Image by Gianni Crestani from Pixabay

Corps of Engineers headquarters building on Leake Avenue is the last fix on our levees.

A contractor has resumed building a floodwall to plug a major low spot in the Mississippi River levee – at the Army Corps of Engineers‘ own New Orleans headquarters at Riverbend – after water levels in the Mississippi River dropped below 11 feet in late May. The $8.9 million project includes installation of sheet piling and long H-shaped batter piles to support the permanent and movable walls. It will elevate one of the last segments of the river levee system to assure protection from a river flood with a 1 percent chance of occurring in any year, a so-called 100-year flood. The existing, mostly earthen levee running through the Corps campus at 7400 Leake Ave. is 3 feet to 5 feet lower than the 100-year levee. Water topping the levee system there could flood much of New Orleans’ east bank.

nola.com

The project will have movable walls so that parking and other things can be done unless the river is in flood stage. There will also be concrete scour protection on the batture and extending into the river. The project provides 3,000 feet of levee system that is supposed to be at least 24½ feet above sea level, but 500 feet or more is at least 5 feet lower and the rest is 2 to 5 feet too low. This is one of the last “holes” to be fixed in the protection for the New Orleans area.

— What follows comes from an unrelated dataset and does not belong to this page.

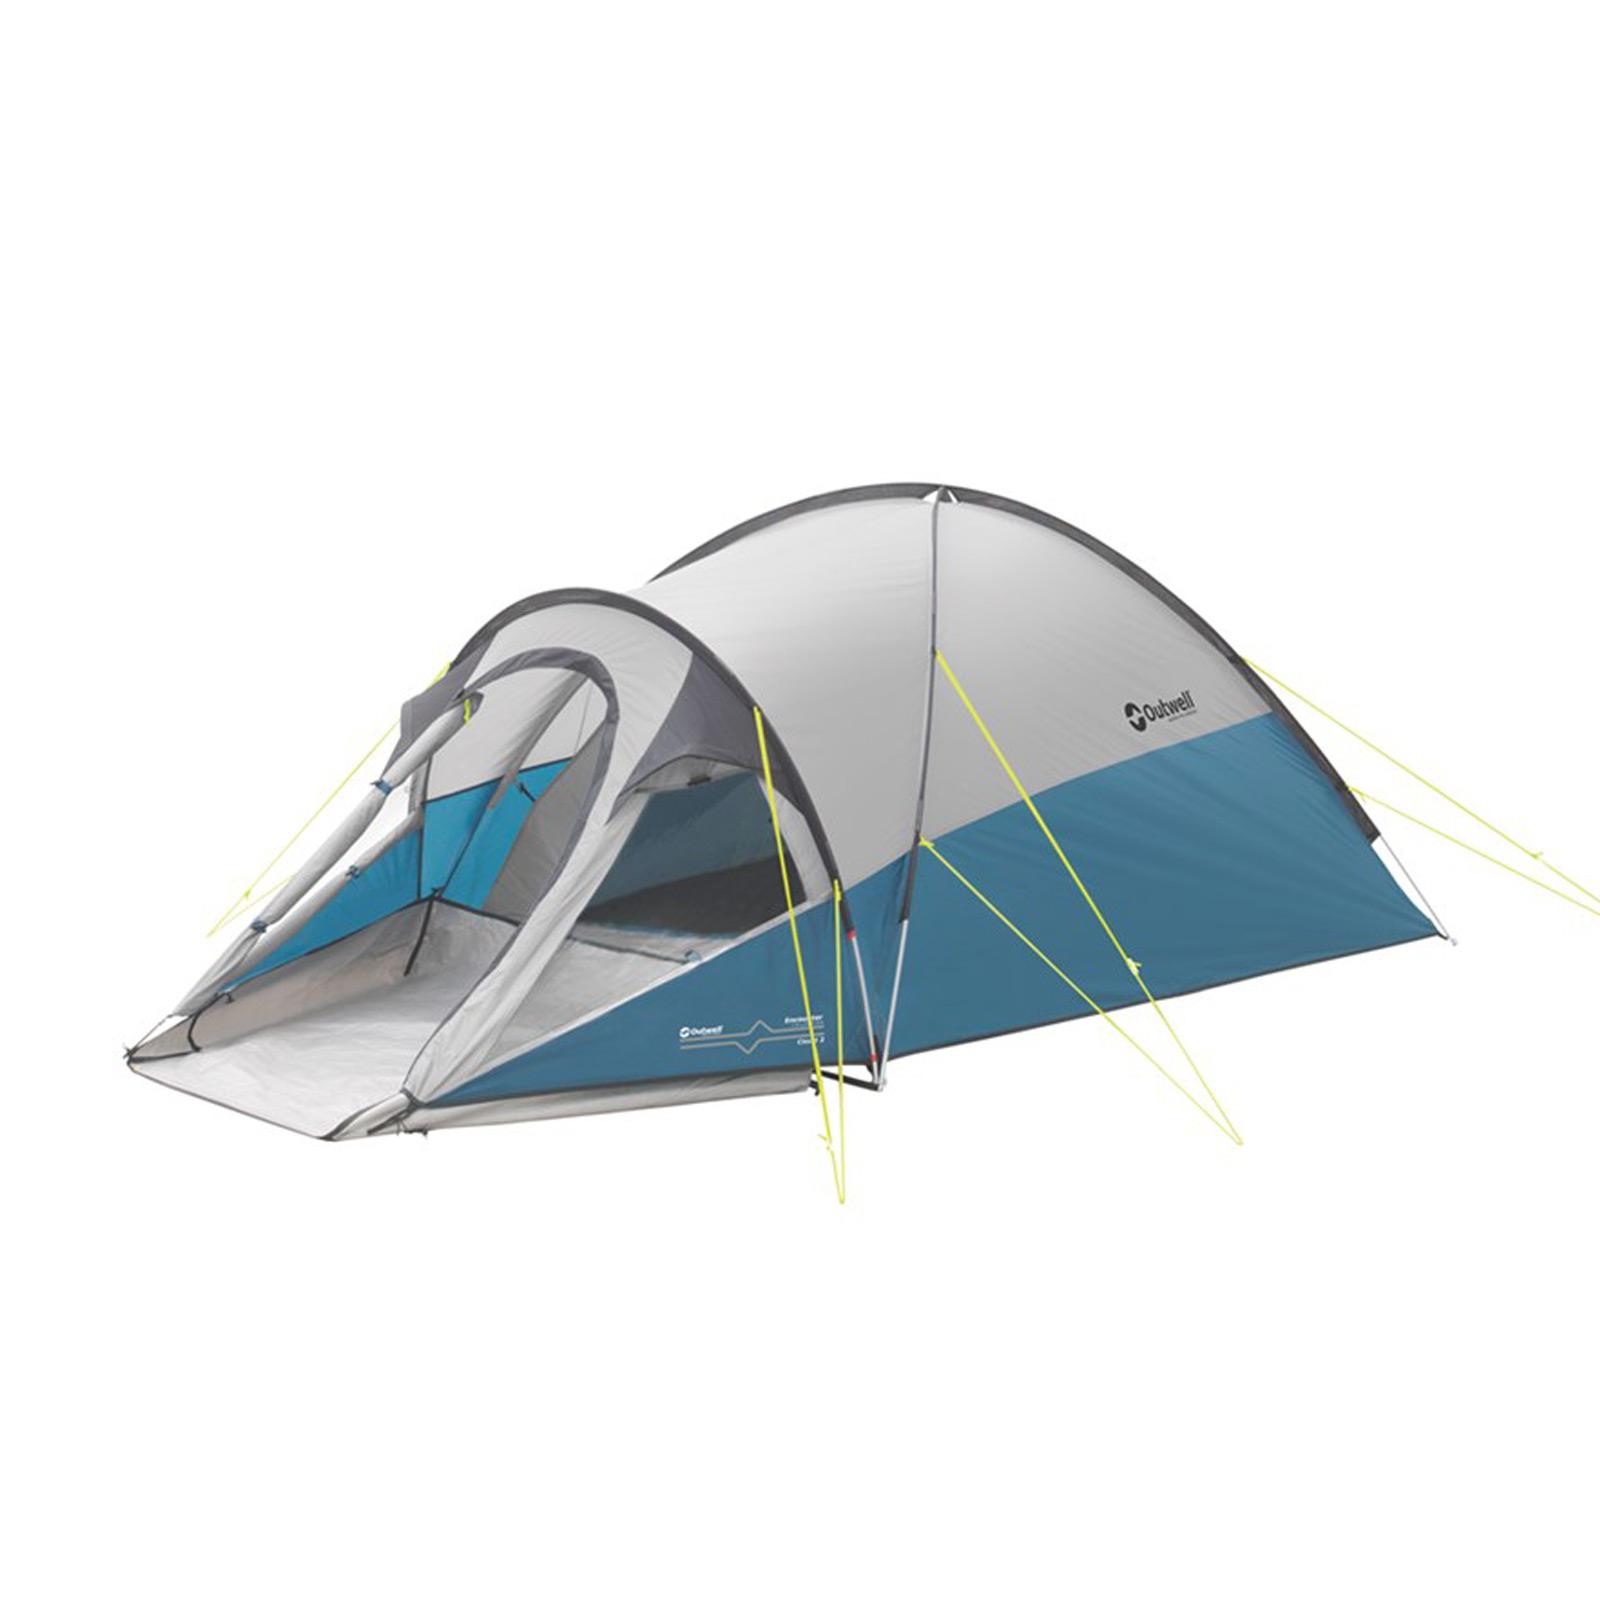 igluzelt 2 personen outwell zelt cloud 2 mann iglu. Black Bedroom Furniture Sets. Home Design Ideas

In recent years, the Corps has station sand-filled Hesco baskets and other materials in the headquarters parking lot, in case they needed to be moved quickly into place along the low areas to prevent the river from topping the levee. Proposed in the 1990s and funded by Congress in 2019, the project has been delayed by high river periods during the past few years. Construction is expected to be complete in early 2022. Construction was halted in March when the river rose above 11 feet at the Carrollton gauge, which is at Corps headquarters. The water stayed above 11 feet for 79 days.

At the Corps headquarters the official river flood stage is 17 feet but with protections to 25 feet – except at their headquarters! It is interesting that high water stops being able to protect from high water.